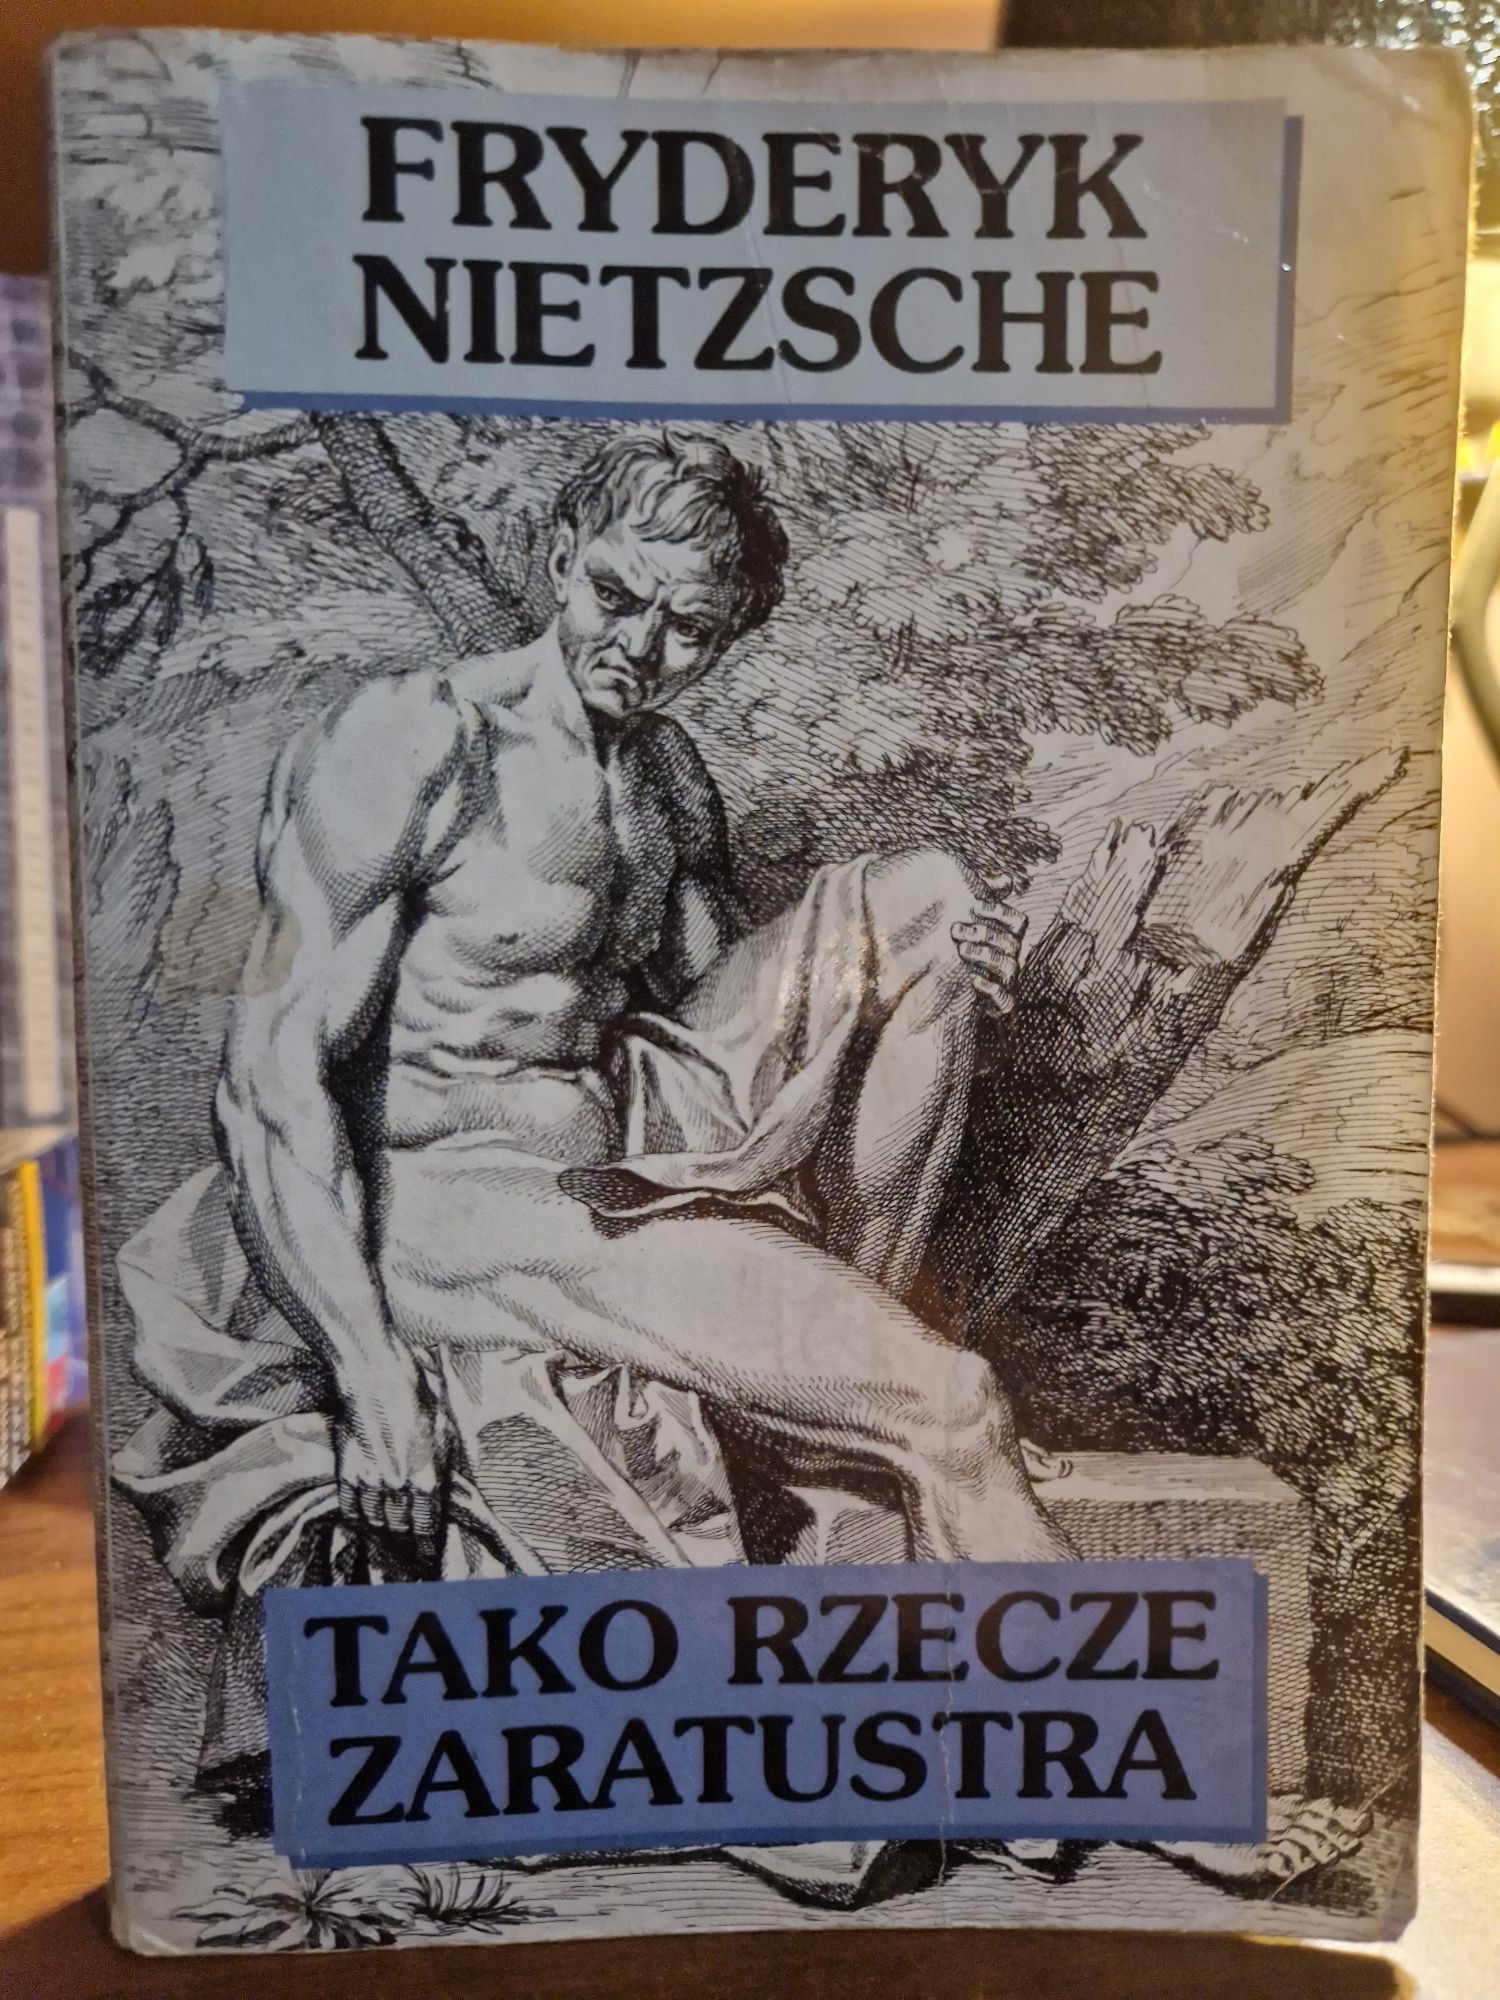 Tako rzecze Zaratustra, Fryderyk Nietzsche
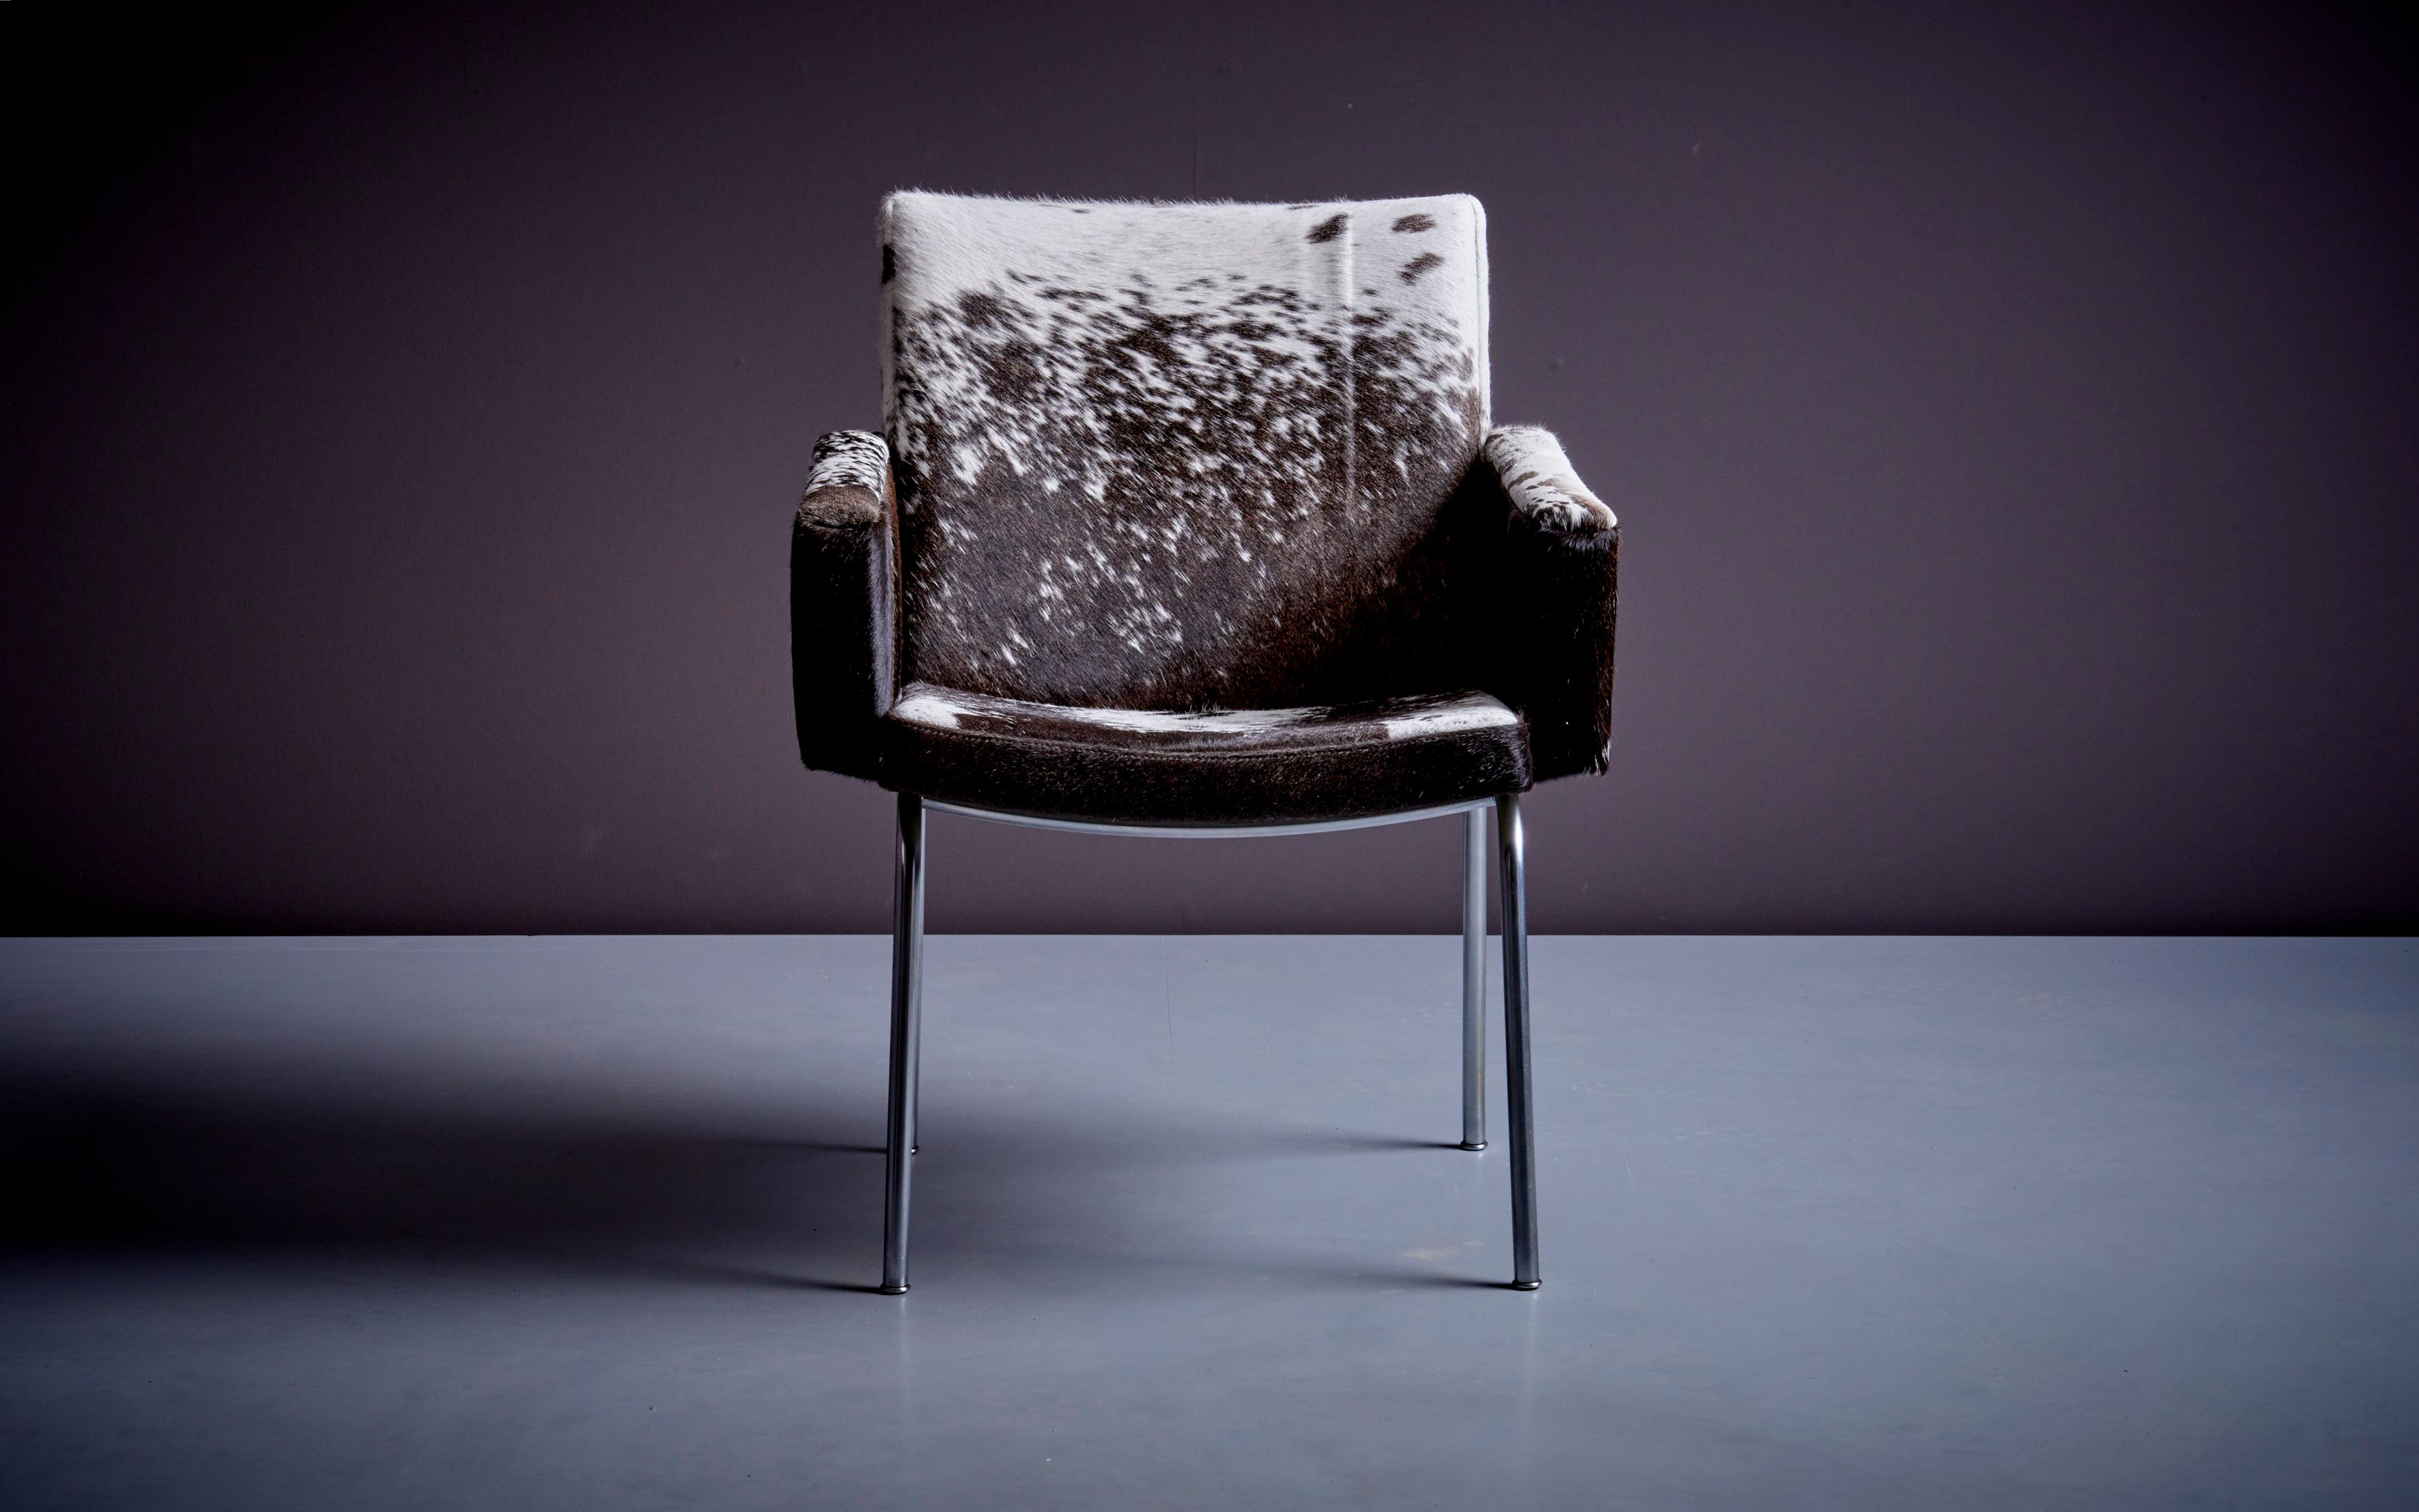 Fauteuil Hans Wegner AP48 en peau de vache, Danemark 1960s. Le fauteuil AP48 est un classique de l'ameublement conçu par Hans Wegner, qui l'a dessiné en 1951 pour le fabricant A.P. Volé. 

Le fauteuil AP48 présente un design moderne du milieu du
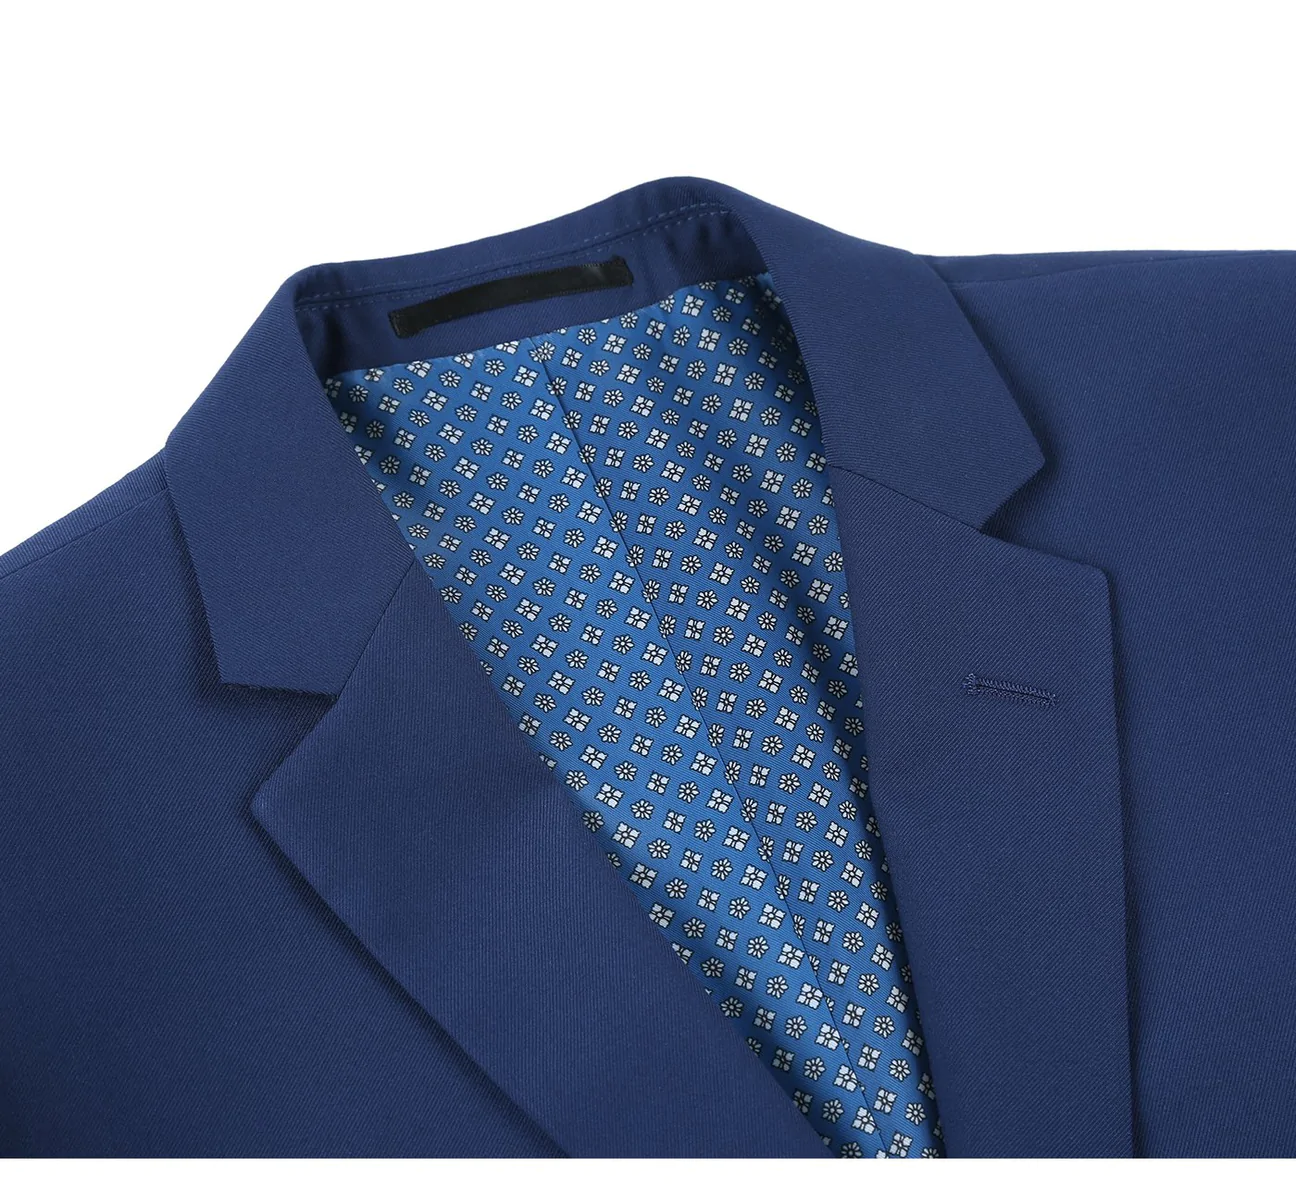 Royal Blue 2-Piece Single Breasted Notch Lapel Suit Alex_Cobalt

> _Task goal_: Take the line containing "Le fauteuil AP48 présente" and every line after it through the end of the data, and write them out exactly, with no pictures.

> _Problem solution_:
Le fauteuil AP48 présente un design moderne du milieu du
 Royal Blue 2-Piece Single Breasted Notch Lapel Suit Alex_Cobalt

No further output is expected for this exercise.